Nontuberculous mycobacterial pulmonary disease (NTM-PD), mainly caused by Mycobacterium avium complex (MAC), and pulmonary tuberculosis (TB) are emerging health problems worldwide. However, because their clinical features are often similar, it remains difficult to differentiate NTM-PD from TB when the diagnosis cannot be made by sputum culture. To investigate potential serum biomarkers, we conducted non-targeted proteome analysis on serum extracellular vesicles (EVs) collected from 10 patients with MAC pulmonary disease (MAC-PD), 7 patients with TB, and 10 healthy controls. A total of 2614 proteins were identified in the discovery cohort. The EV protein signature from patients with NTM-PD and TB reflected infectious diseases and inflammatory response pathways. Among the identified proteins, the expression of Na⁺/H⁺ exchanger regulatory factor 2 (NHERF2) was significantly elevated in patients with MAC-PD compared with healthy controls and patients with TB. Moreover, upregulation of NHERF2 was confirmed by immunoblotting of serum EVs and immunohistochemistry of lungs with mycobacterial infection. Our findings highlight that NHERF2 in serum EVs might be a potential biomarker for distinguishing MAC-PD from TB, possibly reflecting the pathogenesis of MAC-PD.

Keywords:

nontuberculous mycobacteria; tuberculosis; extracellular vesicle; NHERF2

1. Introduction

Pulmonary diseases due to mycobacterial infection cause significant morbidity and mortality in humans. Pulmonary tuberculosis (TB), caused by Mycobacterium tuberculosis (Mtb), remains the leading cause of death from a single infectious pathogen, with 10.6 million new cases and 1.6 million TB-related deaths in 2021 globally [1,2]. On the other hand, the incidence of nontuberculous mycobacterial pulmonary disease (NTM-PD) is increasing and is becoming a major global public health issue [3]. In Japan, the incidence rate for NTM-PD was 14.7 cases per 100,000 person-years in 2014, which is approximately 2.6 times higher than the incidence rate in 2007 (5.7 cases per 100,000 person-years). Surprisingly, this was higher than the incidence rate for TB in the same year (12.9 cases per 100,000 person-years) [4]. Moreover, in the United States, the annual incidence of NTM-PD was 20.1 cases per 100,000 population (from 2010 to 2019), showing a continuous increase throughout the measured period [5]. Although the incidence rate is lower than that in Asia and North America, the incidence of NTM-PD in Denmark increased between 2000 and 2017 (0.4 to 1.3 cases per 100,000 population) as well [6].
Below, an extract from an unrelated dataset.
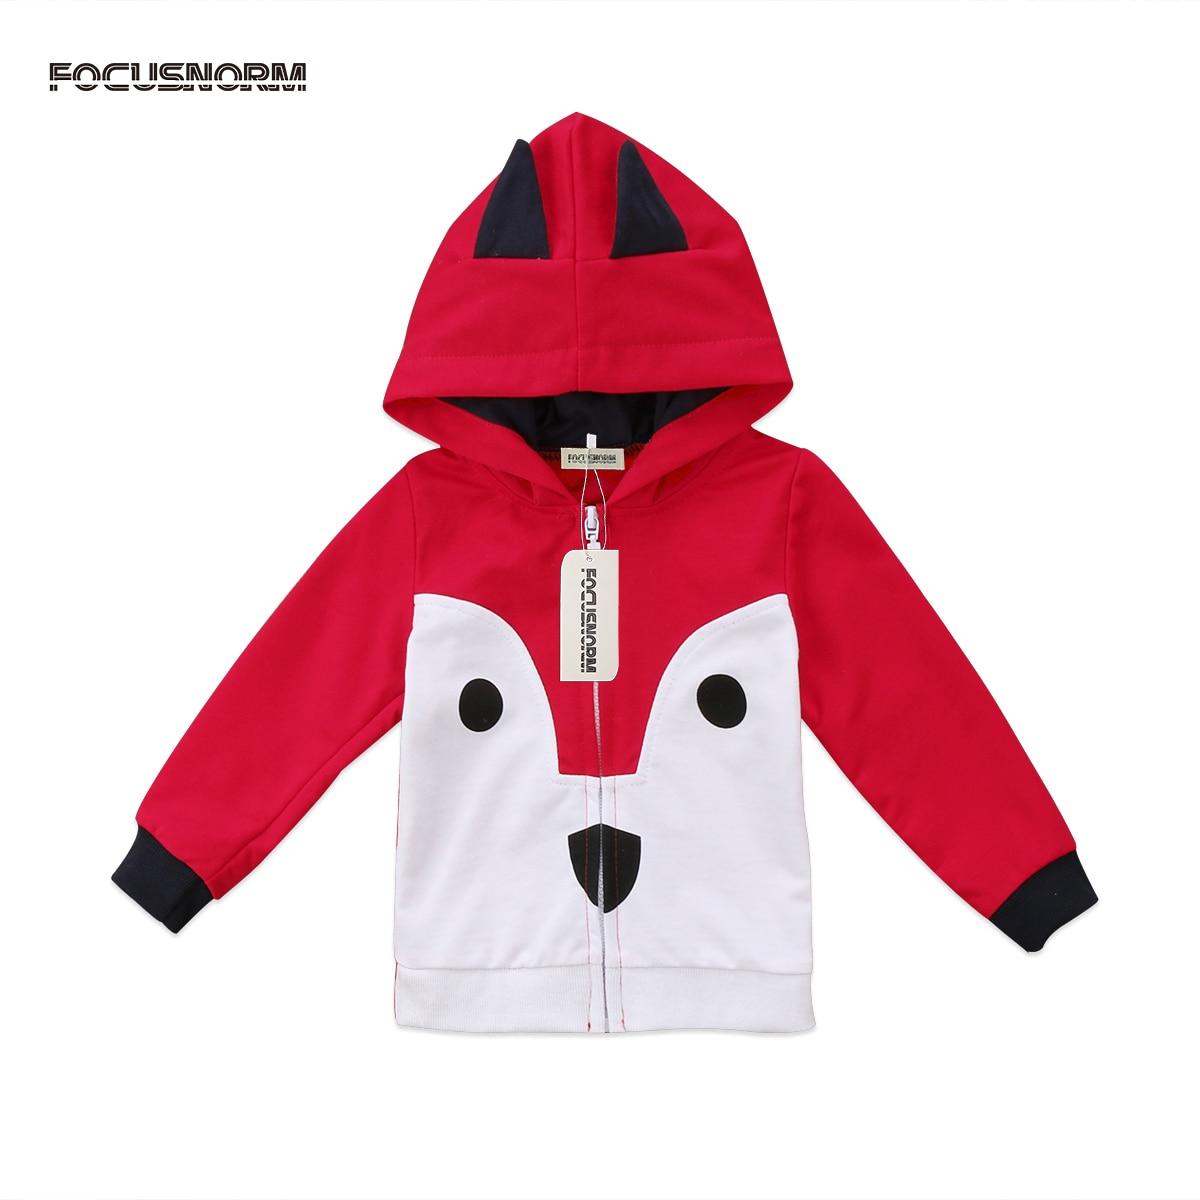 Fashion Kids Baby Boys Girls Infant Clothes Zipper Cartoon Animals Long Sleeves Sweatshirts Hoodies Tops

NTM are ubiquitously present in the environment worldwide, including in water, soil, and dust [7]. While over 180 species have been discovered, Mycobacterium avium complex (MAC) is the most common cause of NTM-PD, causing chronic and progressive pulmonary disease even in immuno-competent patients [8].
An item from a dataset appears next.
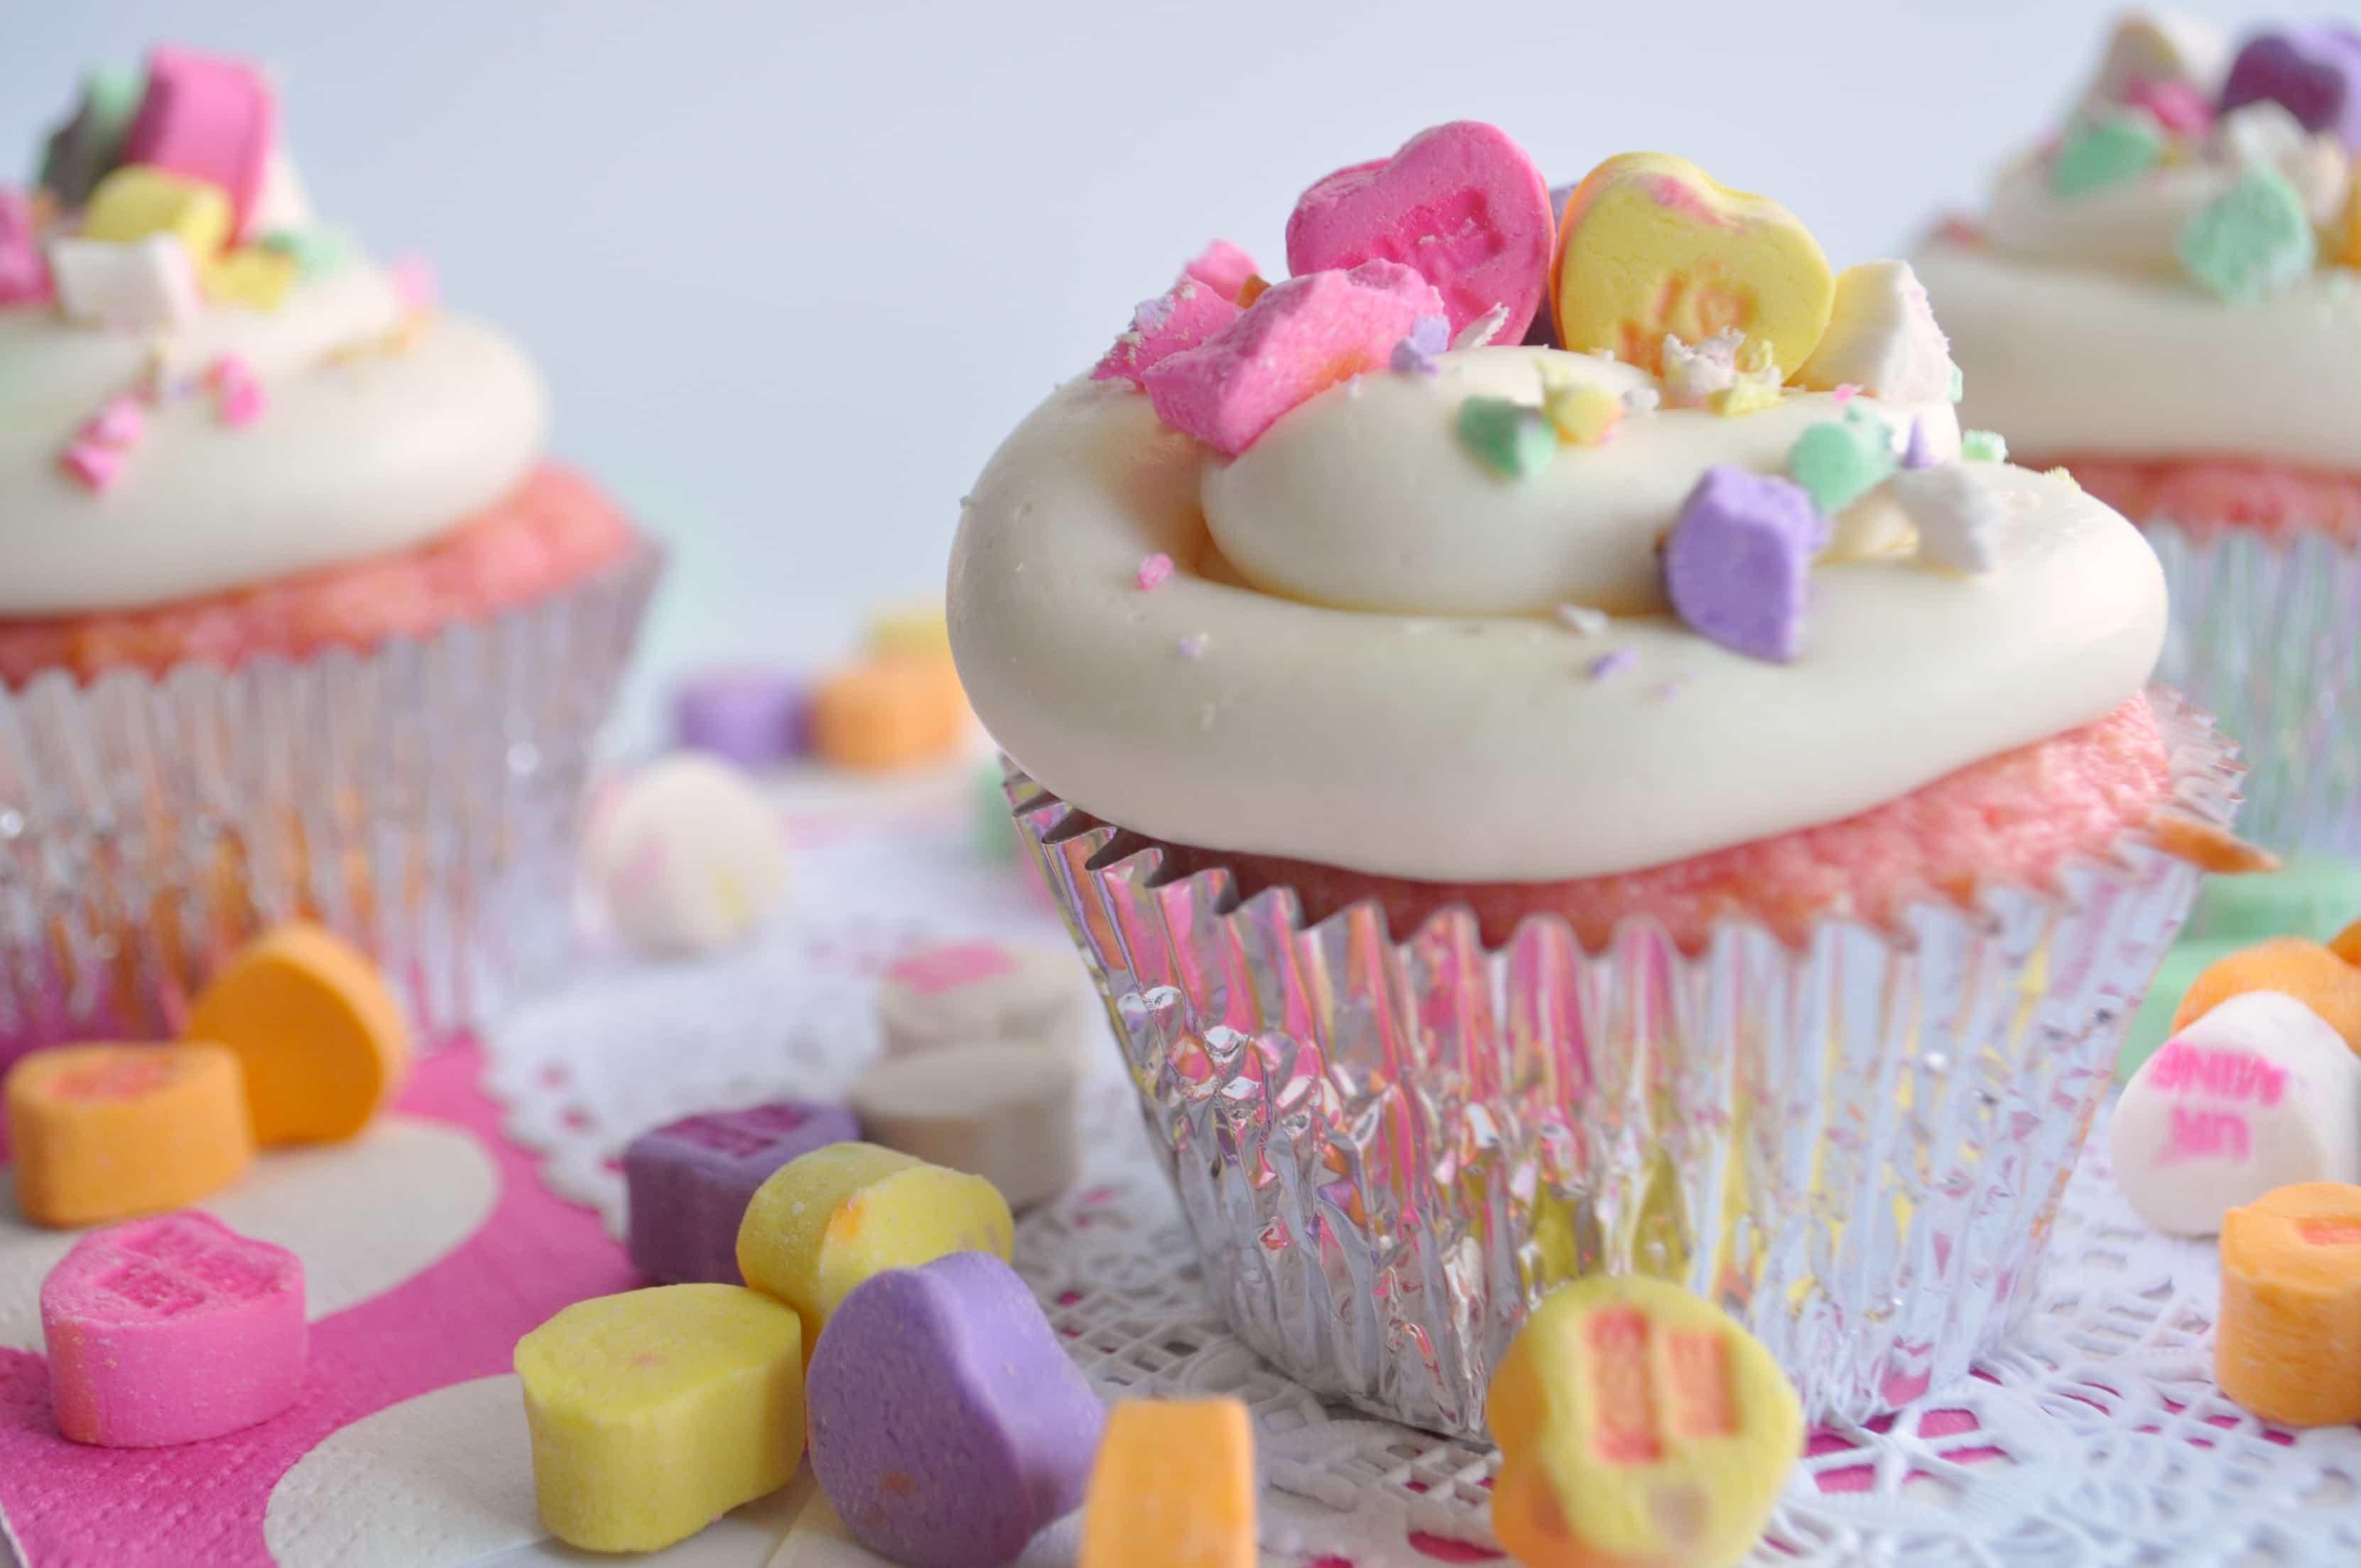 Valentine's Day Cupcake decorating ideas |House of Yumm|

In clinical settings, differentiating NTM-PD from TB is challenging because the clinical symptoms and radiographic findings are often similar among patients with pulmonary mycobacterial disease. In general, definitive diagnosis is based on sputum mycobacterial culture and species identification. However, these methods are time-consuming and require strict laboratory standards. Moreover, it is often difficult to obtain sputum samples from asymptomatic patients and the contamination of environmental NTM species requires careful attention [3,9]. To overcome these difficulties, a novel biomarker to distinguish NTM-PD from TB is needed.
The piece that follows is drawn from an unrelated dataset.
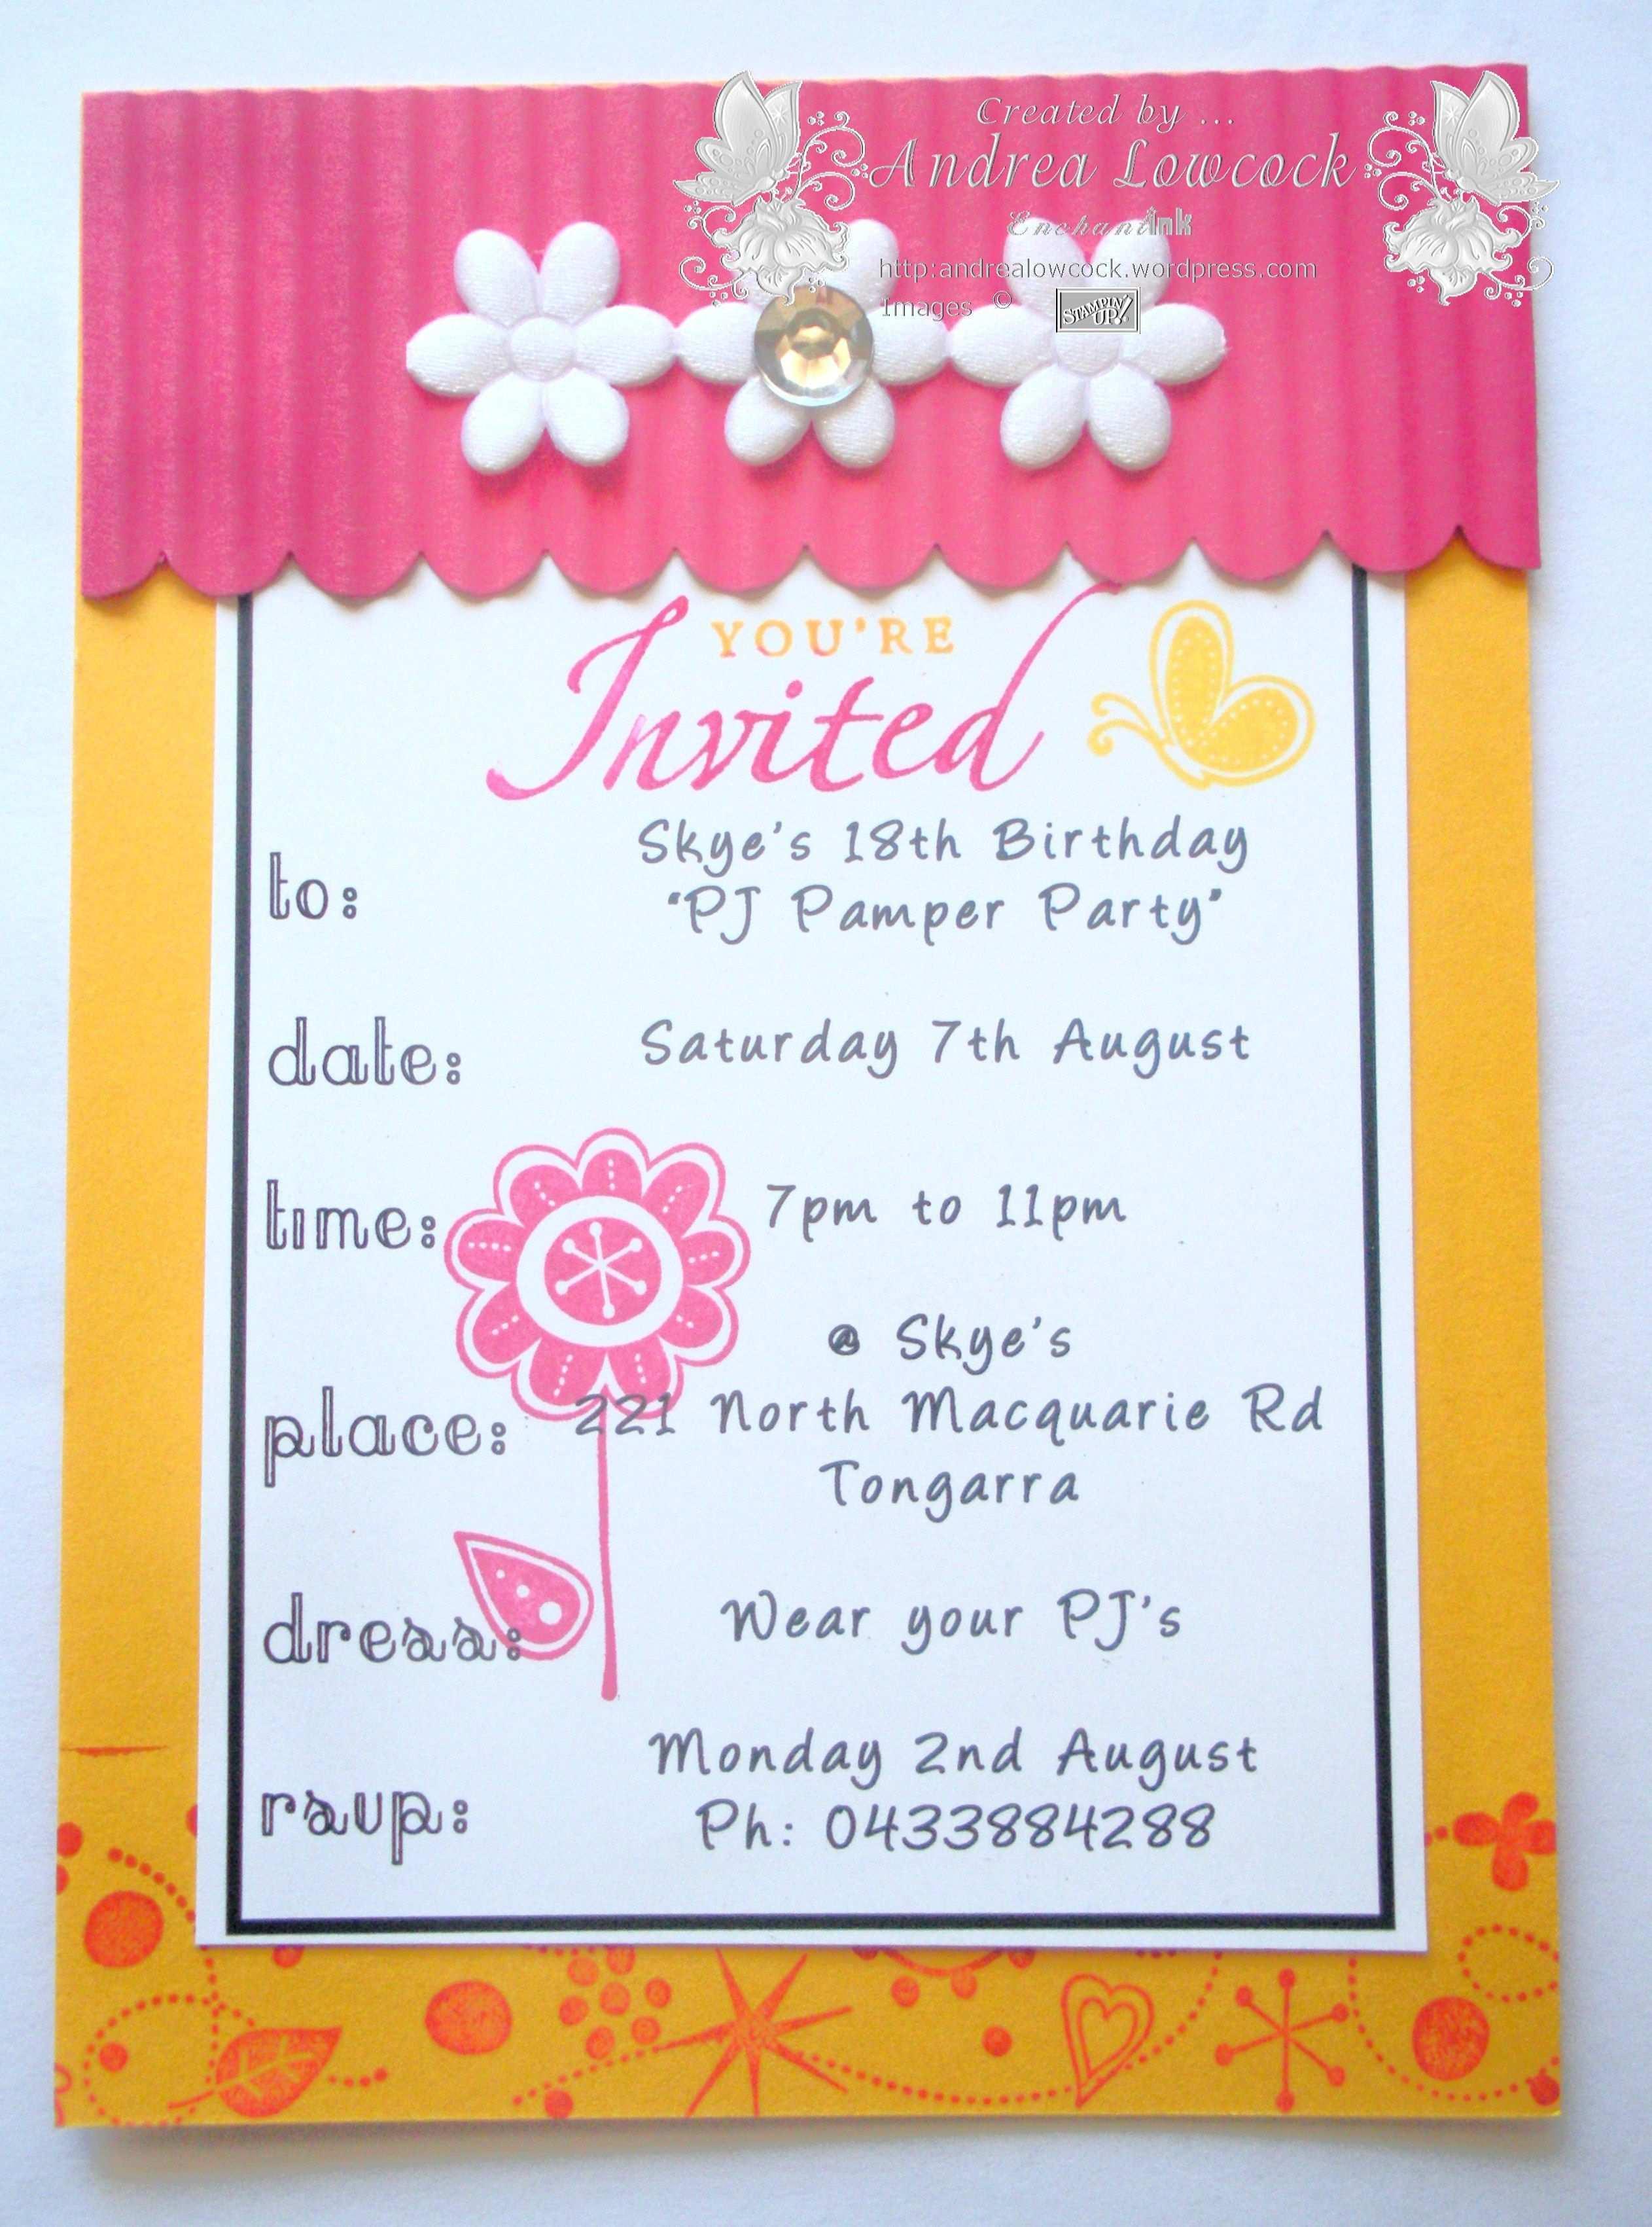 36 Format Birthday Invitation Card Sample Text For Free for Birthday Invitation Card Sample Text

Recent advances in mass spectrometry (MS) have led to a proposed alternative method for verifying candidate biomarker proteins. Because the dynamic range of serum proteins is extremely large [10], it is difficult to detect slight amounts of a protein in serum that might reflect the pathophysiology of a disease. Thus, we focused on extracellular vesicles (EVs) in serum. EVs are small lipid bilayer-enclosed particles containing functional biomolecules such as proteins, lipids, RNAs, and DNAs [11]. They are released from various cell types, reflecting the biological status of their parental cells and play important roles in intracellular communications in physiological and pathological settings. In particular, pleiotropic functions of EVs such as immune response, antigen presentation, and tumor progression have been reported [12,13,14,15]. However, the composition, function, and potential to be a diagnostic biomarker for differentiating MAC pulmonary disease (MAC-PD) from TB of EVs is unclear.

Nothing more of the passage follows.